I am looking for (x,y,z). I tried to solve this non-linear system of 4 equations and 3 unknowns with matlab fsolve by taking the euclidean distances but didn't manage.
有两个问题:
- 如何找到点 p 的未知坐标:(x,y,z)
- 已知坐标的最小点数是多少?为了找到 (x,y,z),我需要到 p 的距离?
这是一段没有给出解决方案的代码:
Here is a piece of code that gives no solutions:
假设我的观点是:
m1 = [ 370; 1810; 863];
m2 = [1586; 185; 1580];
m3 = [1284; 1948; 348];
m4 = [1732; 1674; 1974];
x = cat(2,m1,m2,m3,m4)';
每个点到p的距离为
d = [1387.5; 1532.5; 1104.7; 0855.6]
据我了解,如果我想运行 fsolve,我必须使用以下内容:1.创建函数2.调用fsolve
From what I understood if I want to run fsolve I have to use the following: 1. Create a function 2. Call fsolve
function F = calculateED(p)
m1 = [ 370; 1810; 863];
m2 = [1586; 185; 1580];
m3 = [1284; 1948; 348];
m4 = [1732; 1674; 1974];
x = cat(2,m1,m2,m3,m4)';
d = [1387.5; 1532.5; 1104.7; 0855.6]
F = [d(1,1)^2 - (p(1)-x(1,1))^2 - (p(2)-x(1,2))^2 - (p(3)-x(1,3))^2;
d(2,1)^2 - (p(1)-x(2,1))^2 - (p(2)-x(2,2))^2 - (p(3)-x(2,3))^2;
d(3,1)^2 - (p(1)-x(3,1))^2 - (p(2)-x(3,2))^2 - (p(3)-x(3,3))^2;
d(4,1)^2 - (p(1)-x(4,1))^2 - (p(2)-x(4,2))^2 - (p(3)-x(4,3))^2;];
然后调用 fsolve:
and then call fsolve:
p0 = [1500,1500,1189]; % initial guess
options = optimset('Algorithm',{'levenberg-marquardt',.001},'Display','iter','TolX',1e-1);
[p,Fval,exitflag] = fsolve(@calculateED,p0,options);
我正在运行 Matlab 2011b.
I am running Matlab 2011b.
我错过了什么吗?
最小二乘解是怎样的?
这里需要注意的是,m1、m2、m3、m4 和 d 值可能无法准确给出,但对于不应该成为问题的分析解决方案.
One note here is that m1, m2, m3, m4 and d values may not be given accurately but for an analytical solution that shouldn't be a problem.
推荐答案
mathematica 轻松数值求解三点问题:
mathematica readily numericall solves the three point problem:
p = Table[ RandomReal[{-1, 1}, {3}], {3}]
r = RandomReal[{1, 2}, {3}]
Reduce[Simplify[ Table[Norm[{x, y, z} - p[[i]]] == r[[i]] , {i, 3}],
Assumptions -> {Element[x | y | z, Reals]}], {x, y, z}, Reals]
这通常会返回 false,因为随机球体通常不会有三重交点.
This will typically return false as random spheres will typically not have triple intersection points.
当您有解决方案时,您通常会有这样的一对..
When you have a solution you'll typically have a pair like this..
(* (x == -0.218969 && y == -0.760452 && z == -0.136958) ||
(x == 0.725312 && y == 0.466006 && z == -0.290347) *)
这有点令人惊讶地有一个失败的优雅的分析解决方案.它有点涉及,所以我会等着看是否有人能方便地使用它,如果没有并且有兴趣我会尝试记住这些步骤..
This somewhat surprisingly has a failrly elegent analytic solution.

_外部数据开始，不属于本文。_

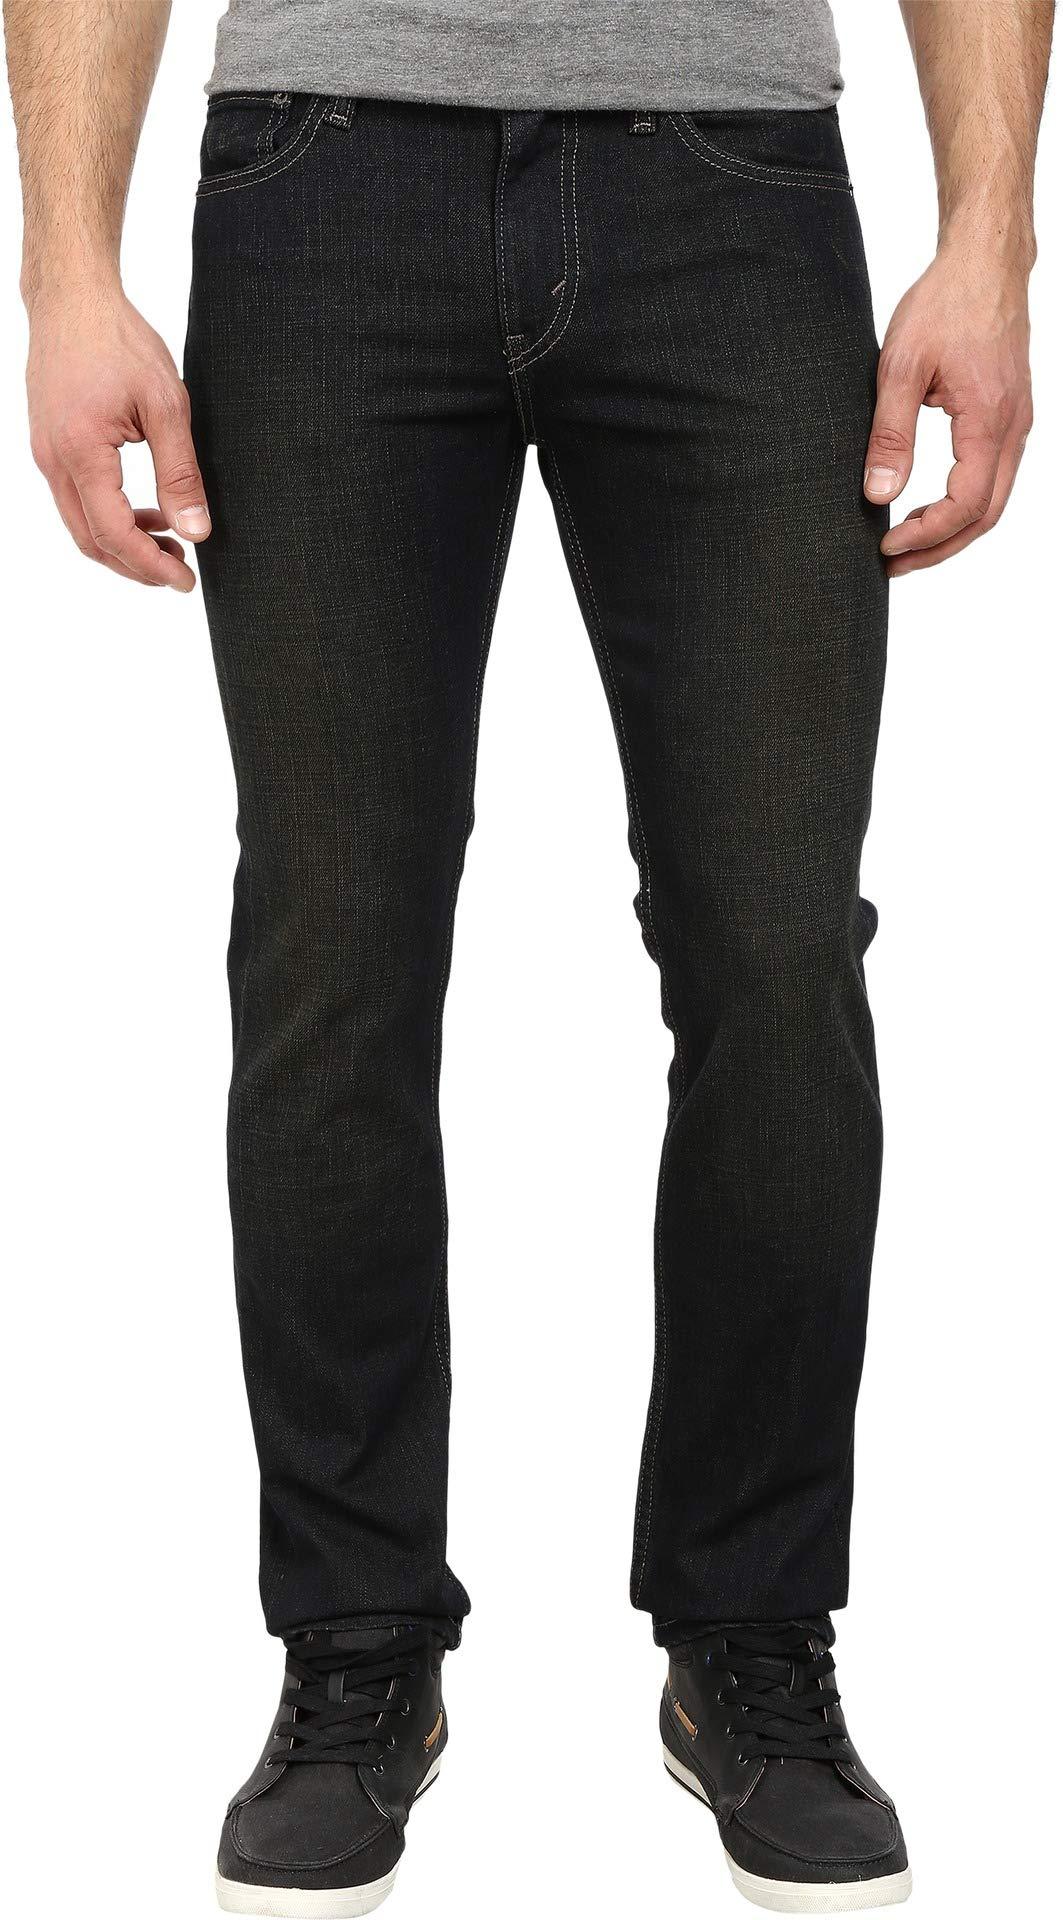 Levi's Men's 511 Slim Fit Jean, Clean Dark - Stretch, 36W x 32L

Its a bit involved so I'll wait to see if someone has it handy and if not and there is interest I'll try to remember the steps..
编辑,遵循 Dmitys 最小二乘建议的近似解:
Edit, approximate solution following Dmitys least squares suggestion:
p = {{370, 1810, 863}, {1586, 185, 1580}, {1284, 1948, 348}, {1732,
1674, 1974}};
r = {1387.5, 1532.5, 1104.7, 0855.6};
solution = {x, y, z} /.
Last@FindMinimum[
Sum[(Norm[{x, y, z} - p[[i]]] - r[[i]] )^2, {i, 1, 4}] , {x, y, z}]
Table[ Norm[ solution - p[[i]]], {i, 4}]
如你所见,你离准确还很远.
As you see you are pretty far from exact..
(* solution point {1761.3, 1624.18, 1178.65} *)
(* solution radii: {1438.71, 1504.34, 1011.26, 797.446} *)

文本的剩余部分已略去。